• **WHAT YOU SHOULD DO**: Look below for the line with "Creative urban roof" and the line with "SAPA, VIETNAM - CIRCA"; repeat exactly those two lines and all lines between them, but no pictures.

• **ENTRIES PROVIDED**:
============================================================

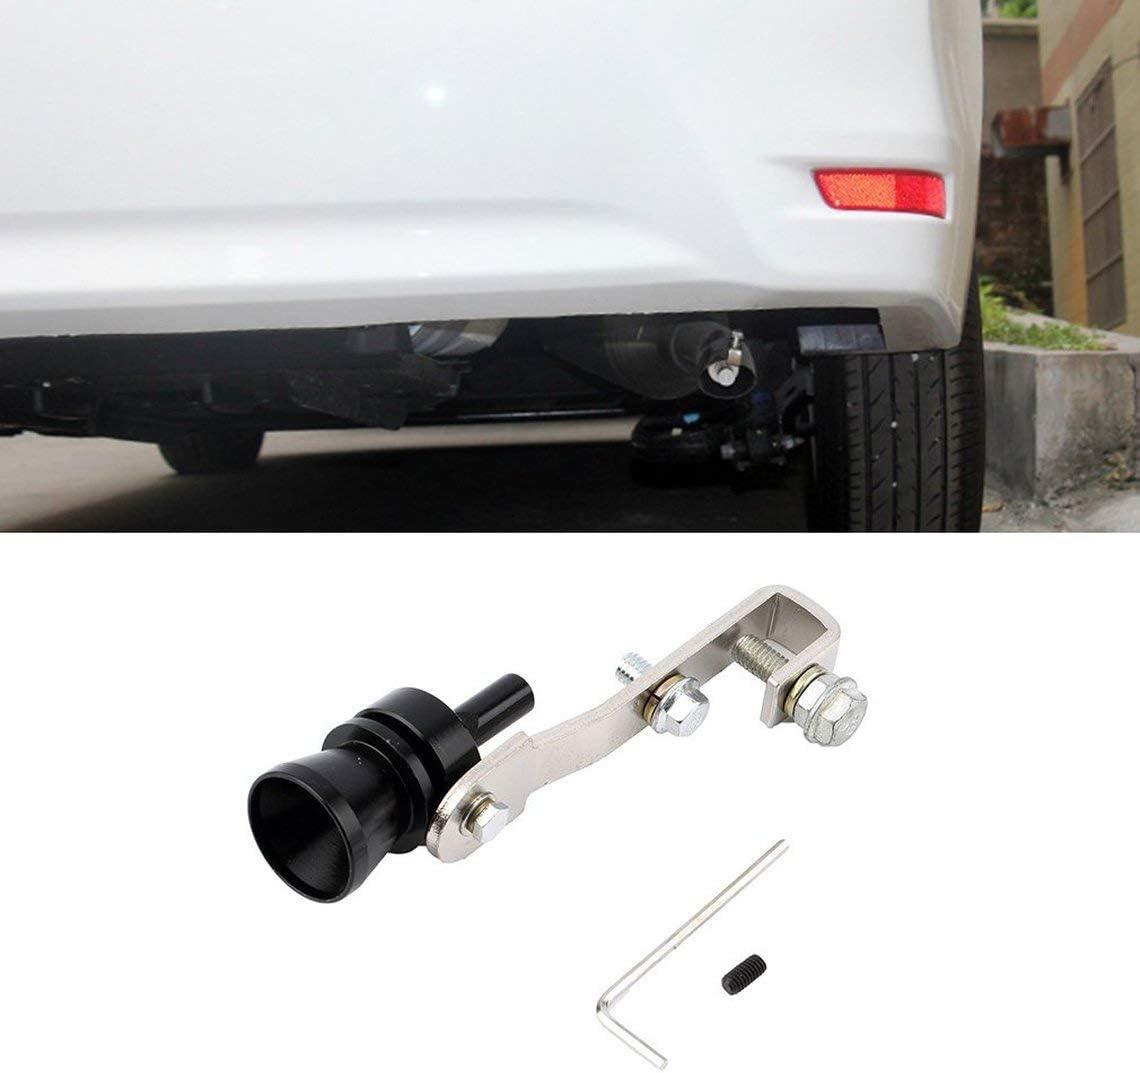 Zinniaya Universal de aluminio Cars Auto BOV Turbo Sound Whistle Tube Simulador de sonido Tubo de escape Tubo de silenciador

============================================================

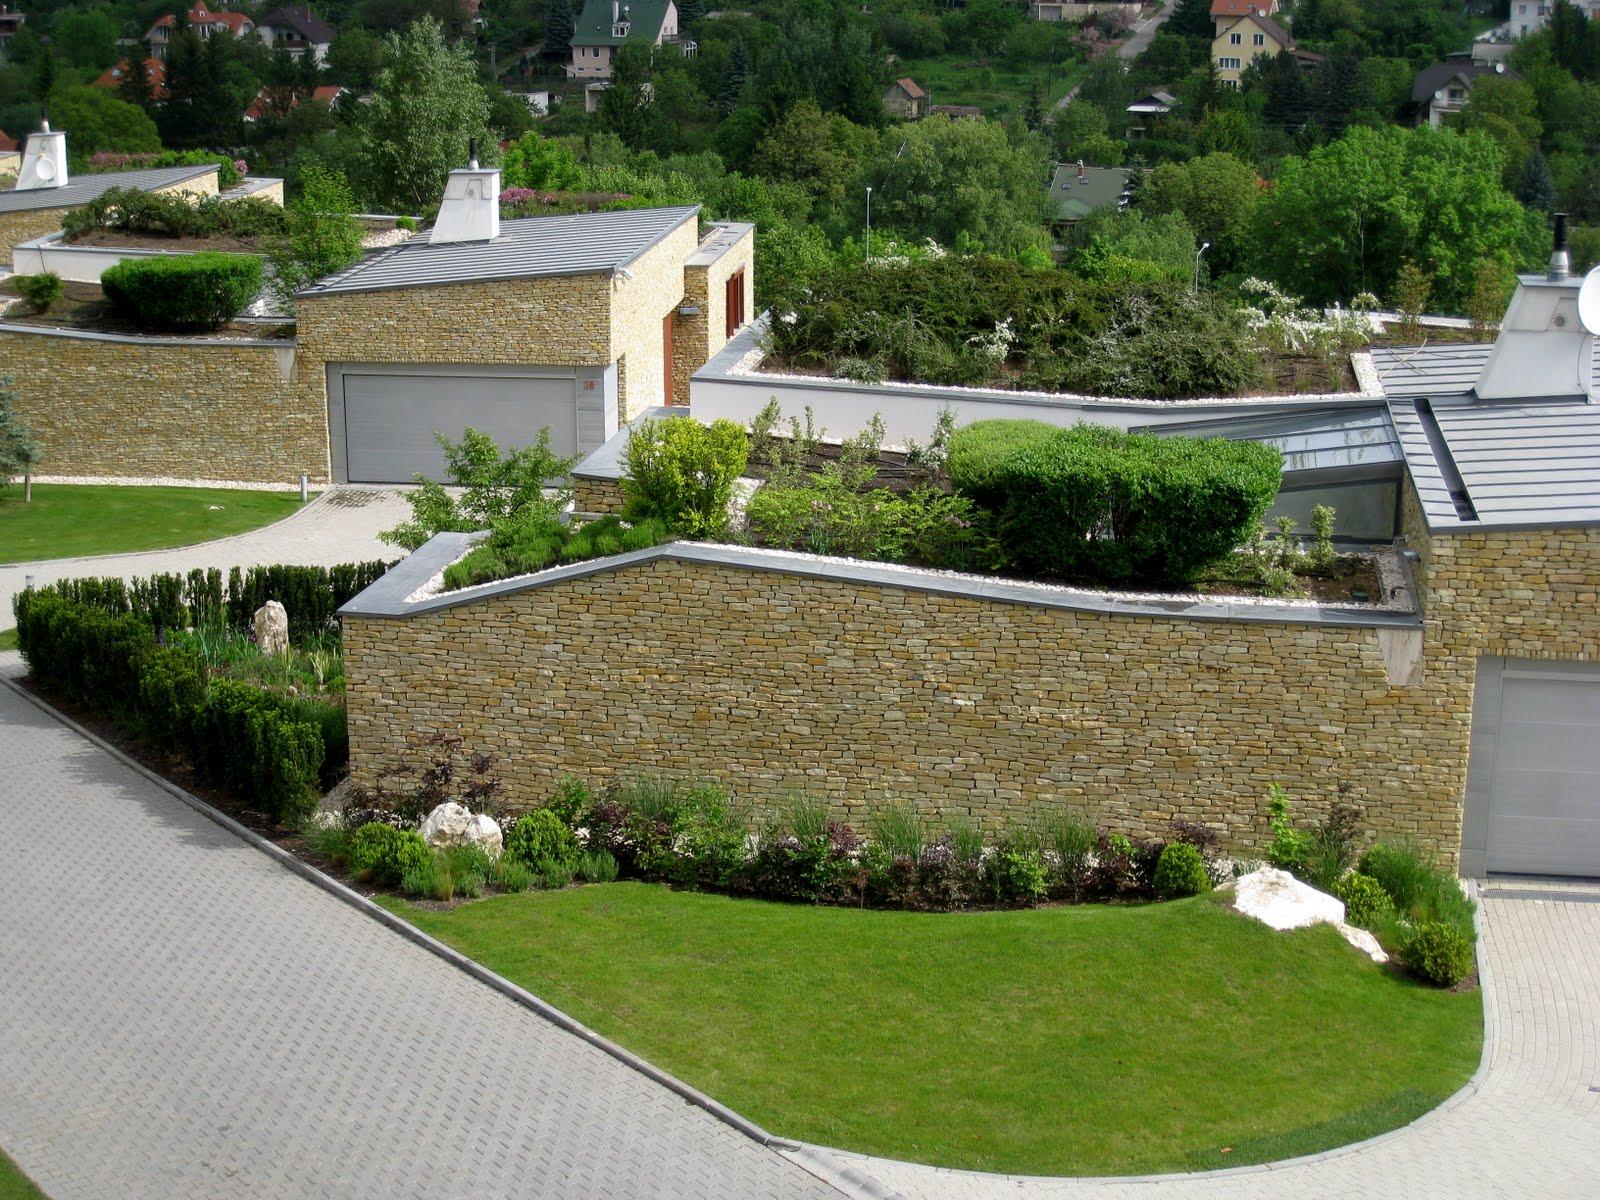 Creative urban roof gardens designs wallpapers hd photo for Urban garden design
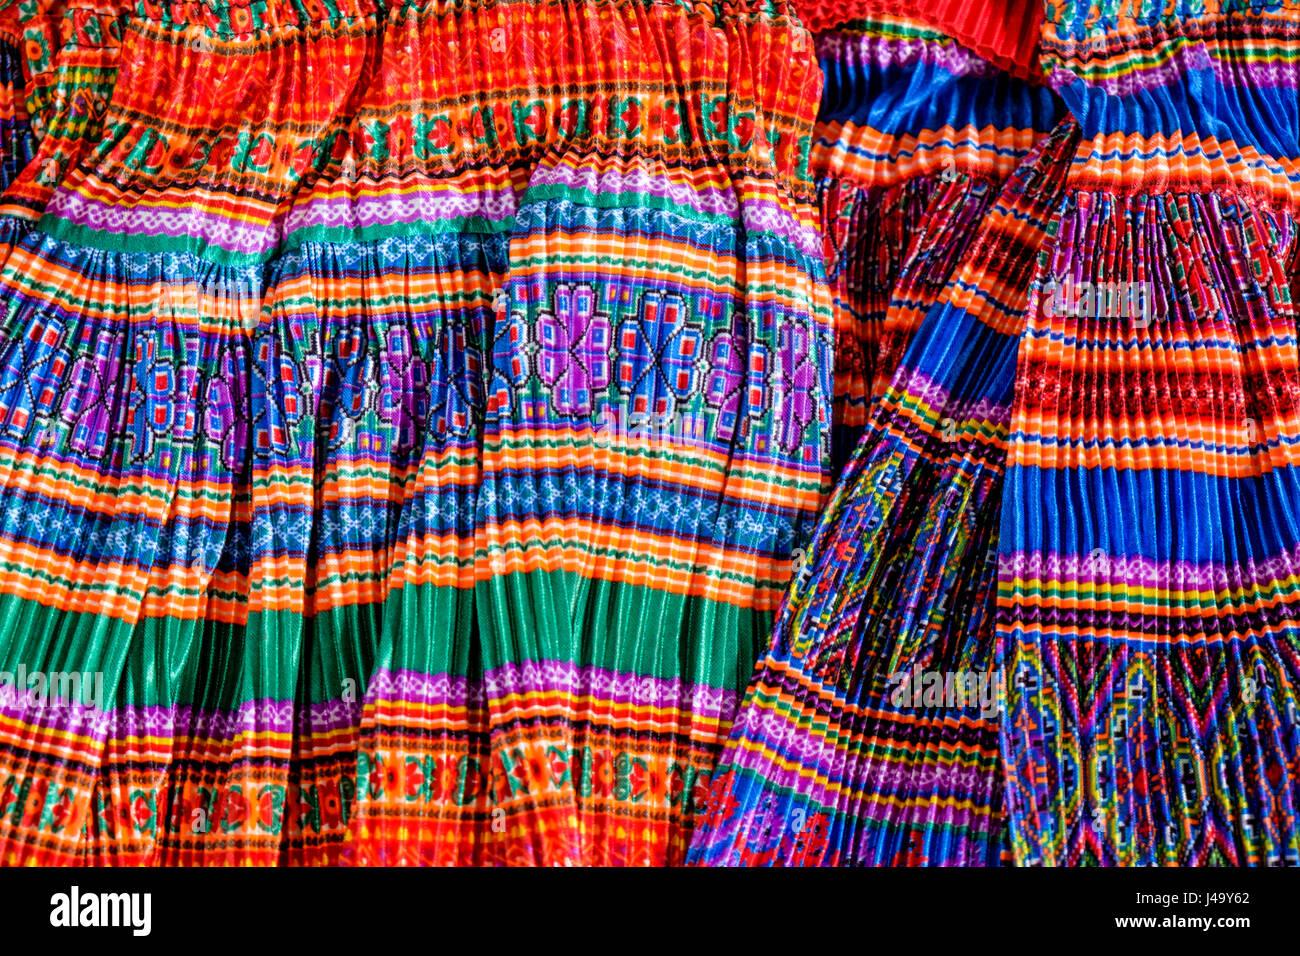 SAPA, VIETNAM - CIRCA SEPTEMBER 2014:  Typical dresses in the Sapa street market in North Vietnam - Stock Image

============================================================

• **WRITTEN REPLY**:
 Creative urban roof gardens designs wallpapers hd photo for Urban garden design
 SAPA, VIETNAM - CIRCA SEPTEMBER 2014:  Typical dresses in the Sapa street market in North Vietnam - Stock Image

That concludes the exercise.